Не зная, куда деваться от смущения, я вернул ему текст.

– Возможно, вы не в курсе, но обычно мы не берем в одиннадцатый и двенадцатый классы учеников из других школ. Наша учебная программа предусматривает определенный период проб и ошибок, новички не успевают к ней приспособиться и в итоге отстают. Если мне не изменяет память, за последние пятнадцать лет, а то и больше, мы не приняли ни одного старшеклассника. Вы знали об этом, мистер Иден?

– Нет.

– И вас не удивляет, что мы сделали исключение для ученика школы, которая называется “Тора Тмима”?

Я уклончиво дернул шеей – не поймешь, то ли кивнул, то ли покачал головой.

Рабби Блум закрыл папку, подошел ко мне, сел напротив.

– Это сочинение демонстрирует глубину мысли и не по годам серьезное стремление разобраться с неоднозначными вопросами. Вы так нас заинтересовали, что мы просто не устояли. И пока что, должен сказать, мы в вас не ошиблись. – Он положил ногу на ногу. – Я давно работаю директором, мистер Иден. Если честно, дольше, чем мне того хотелось бы. И вот сижу я у себя в кабинете, вижу в коридоре вас с мистером Старком, мистером Харрисом, мистером Самсоном и даже с мистером Беллоу… – Он подался вперед, оперся ладонями на стол. – Скажу без утайки: я восхищен.

Повисло неловкое молчание. Я осознал, что он договорил и ждет ответа.

– Я… я не вполне понимаю, что вы вообще имеете в виду.

– Я имею в виду, что у вас, на мой взгляд, выдающийся, еще не раскрытый потенциал.

– Вряд ли все с вами согласятся. – А именно доктор Флауэрс и доктор Портер, подумал я. – Но спасибо.

– Многие люди до ужаса близоруки, мистер Иден. Вырастете – поймете.

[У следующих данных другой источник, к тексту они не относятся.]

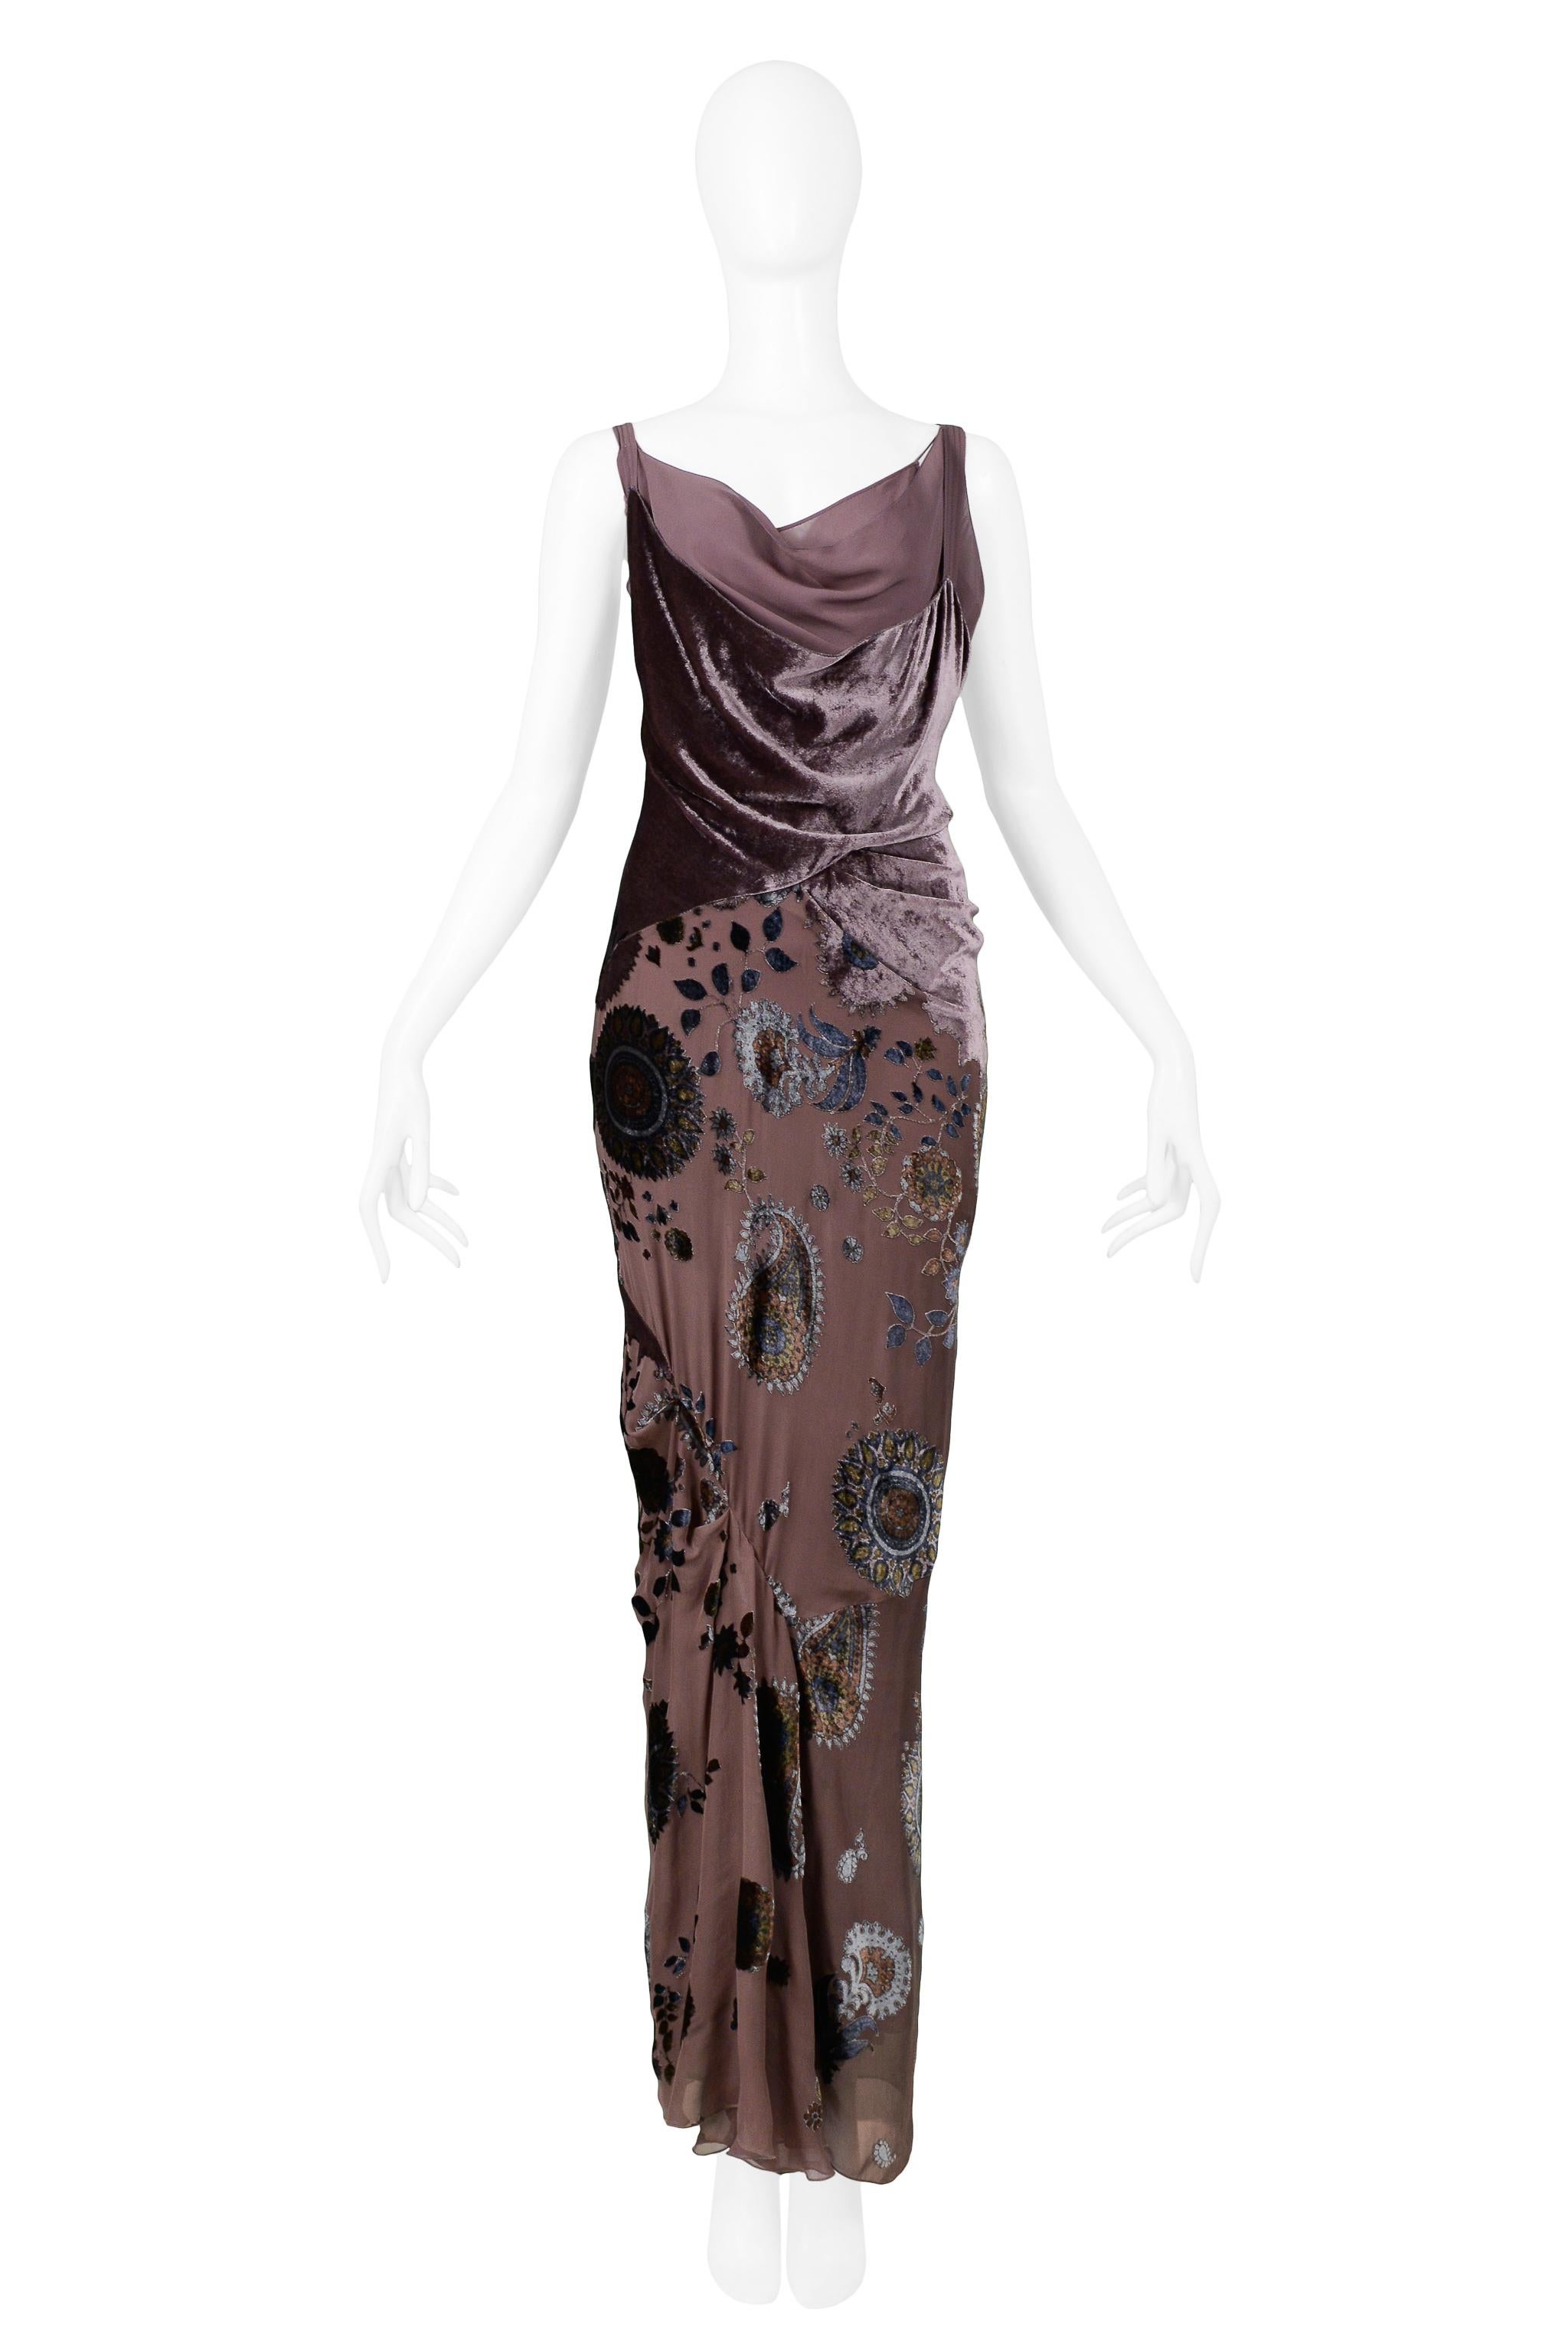 Resurrection a le plaisir de vous proposer cette robe vintage Christian Dior by John Galliano en velours taupe présentant un corsage asymétrique en velours et mousseline de soie, une jupe à fleurs multicolores burnoutées avec un panneau froncé, et

Я перевел взгляд на словно забытый диплом, висевший в дальнем углу.

ПРИНСТОНСКИЙ УНИВЕРСИТЕТ

настоящим присуждает

ЛОРЕНСУ ИСААКУ БЛУМУ

степень ДОКТОРА ФИЛОСОФИИ

вкупе со всеми надлежащими правами,

почестями и привилегиями

за успешное завершение курса

в соответствии с требованиями

КАФЕДРЫ ПОЛИТОЛОГИИ

Под дипломом висел плакат в рамке:

 
Мой вождь и я на этот путь незримый
Ступили, чтоб вернуться в ясный свет,
И двигались всё вверх, неутомимы,
Он – впереди, а я ему вослед,
Пока моих очей не озарила
Краса небес в зияющий просвет;
И здесь мы вышли вновь узреть светила[111]111
  Данте Алигьери. “Божественная комедия”. Перевод М. Лозинского.


[Закрыть]
.
 

– Все ученики удивляются, когда видят это, – произнес Блум, заметив мое удивление. – Подростки воображают себя умнее дряхлого старика, сидящего за стеклянной стеной.

– Извините, – выпалил я, – я не хотел вас обидеть. Просто почти ни у кого из моих бывших раввинов… не было докторской степени.

Рабби Блум улыбнулся.

– Может, вы здесь не единственная аномалия.

– Вы раньше преподавали? В смысле, в колледже?

– Давно.

– Вау. А что?

– В основном политическую философию. Я несколько лет проработал старшим преподавателем. Ну а потом ушел, чтобы создать собственную школу.

– Почему ушли?

– Мне было мало того, что давал университет. Я любил и люблю заниматься наукой, но в университете мне не хватало пищи для души. Мне хотелось Тора Умадда[112]112
  Тора и светское знание, синтез между изучением Торы и западным образованием.


[Закрыть]
, красоты западной мысли, сопряженной с более духовной восприимчивостью к человеческой природе. Я стал раввином, основал эту школу, и вот прошло много лет, я старею, чахну, но от былых убеждений не отказался.

Я сделал вид, будто пью воду.

– Вы скучаете по университету?

– Разумеется. Порой я поневоле думаю о том, как сложилась бы моя жизнь, если бы я продолжил идти прежним курсом. Почти все мои друзья-преподаватели добились выдающихся успехов в карьере. Я же директор ешивы, а это занятие не всегда благодарное – наверняка вы и сами заметили. Поэтому для меня имеют такое значение напоминания, почему это важно, почему ортодоксальный иудаизм обогащает жизнь, почему раввины сильнее влияют на становление личности, чем университетские преподаватели. Вдобавок, чтобы подсластить пилюлю, время от времени попадаются ученики, которые мыслят оригинально, и тогда понимаешь: все не зря.

Рабби Блум встал, подошел к шкафу со стеклянными дверцами.

– За свой долгий путь я собрал чудесную библиотеку, но эти книги пылятся без дела, поскольку мало кто из учеников их ценит. К сожалению, до сего дня лишь один-единственный наш ученик интересовался такими вещами. Возможно, вы станете вторым.

Лейбниц, Спенсер, Локк, Чосер, Гоббс, Руссо. Я восхищенно моргнул, вспомнив собственную скудную коллекцию.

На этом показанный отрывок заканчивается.